Contrainte économique importante

MyTF1 se prépare néanmoins à tout passer peut-être sur le cloud dans 3 à 5 ans quand l’infrastructure interne sera amortie. L’équation économique est difficile. "Les services proposés par MyTF1 sont gratuits, rappelle Nicolas Theraroz. Il importe que leur mise à disposition nous coûte le moins cher possible. Si le cloud devient demain moins onéreux que ce que nous faisons aujourd’hui en interne, cela nous aiderait à respecter nos contraintes de coûts. Sans compter les avantages en termes d'agilité, de flexibilité et de mise à jour."

 

TF1 se prépare activement à cette possibilité.
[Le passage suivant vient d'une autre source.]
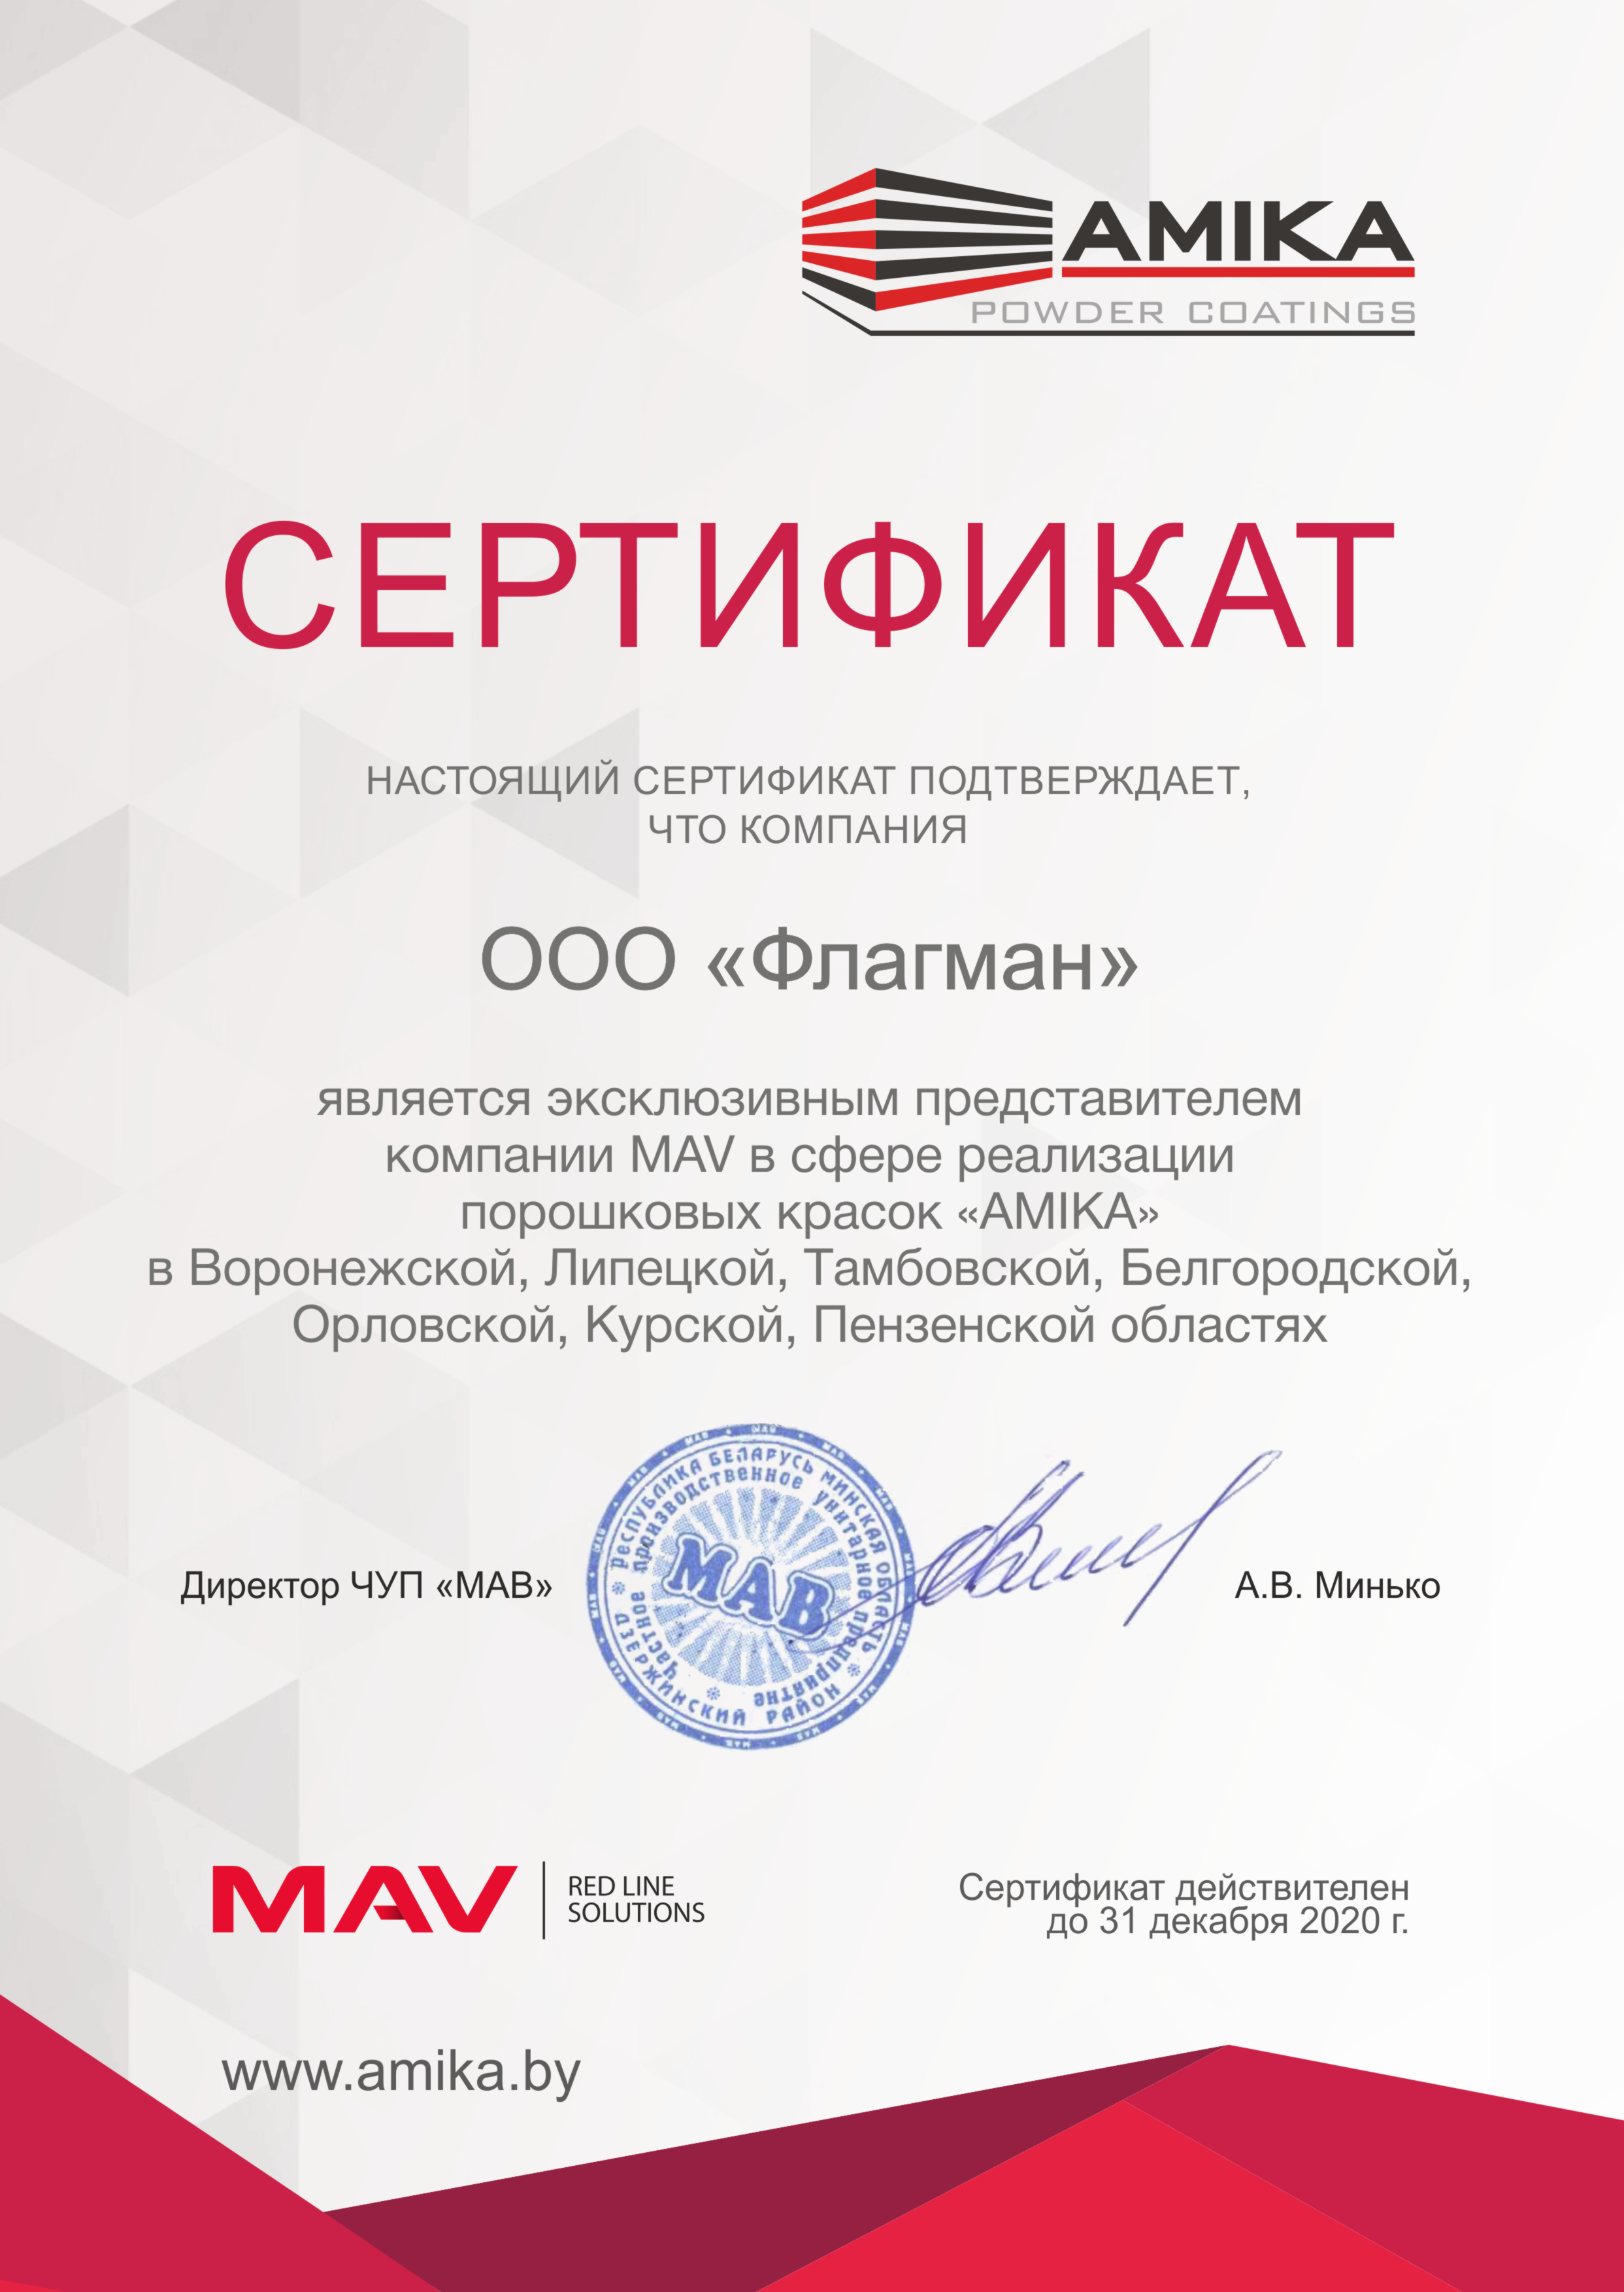 Сертификат дилера 2017 ООО ОМА.jpg

Aujourd’hui, une dizaine de petits services sont hébergés chez Amazon Web Services. Histoire de tester le cloud et d'apprendre à en tirer le meilleur parti. L’un des travaux de l’équipe de 70 personnes du service technique de MyTF1 est d'adapter les applications pour qu’elles puissent demain tourner sur le cloud et apporter les meilleures performances en termes de temps de réponse, disponibilité et sécurité. Pour cela, les développeurs s’appuient sur les outils du service de plate-forme (PaaS pour Platform as a service) d’Amazon Web Services.

 

Vers une approche multicloud

Mais ceci ne préjuge pas des prestataires qui seraient choisis pour la migration de l’infrastructure sur le cloud IaaS (Infrastructure as a service). "Nous préparons nos applications pour qu’elles puissent tourner sur n’importe quelle infrastructure cloud du marché, prévient Nicolas Theraroz. Nous ne nous voyons pas dépendre d’un seul prestataire. Si nous devons basculer demain, nous ferons appel à plusieurs prestataires selon les applications et serons attentifs à l’évolution du marché pour rester prêts à changer de fournisseur si la situation l’exige. Nous travaillons à être en mesure de gérer une infrastructure multicloud." Voilà de quoi réfreiner les espoirs d'Amazon Web Services de tout récupérer chez lui.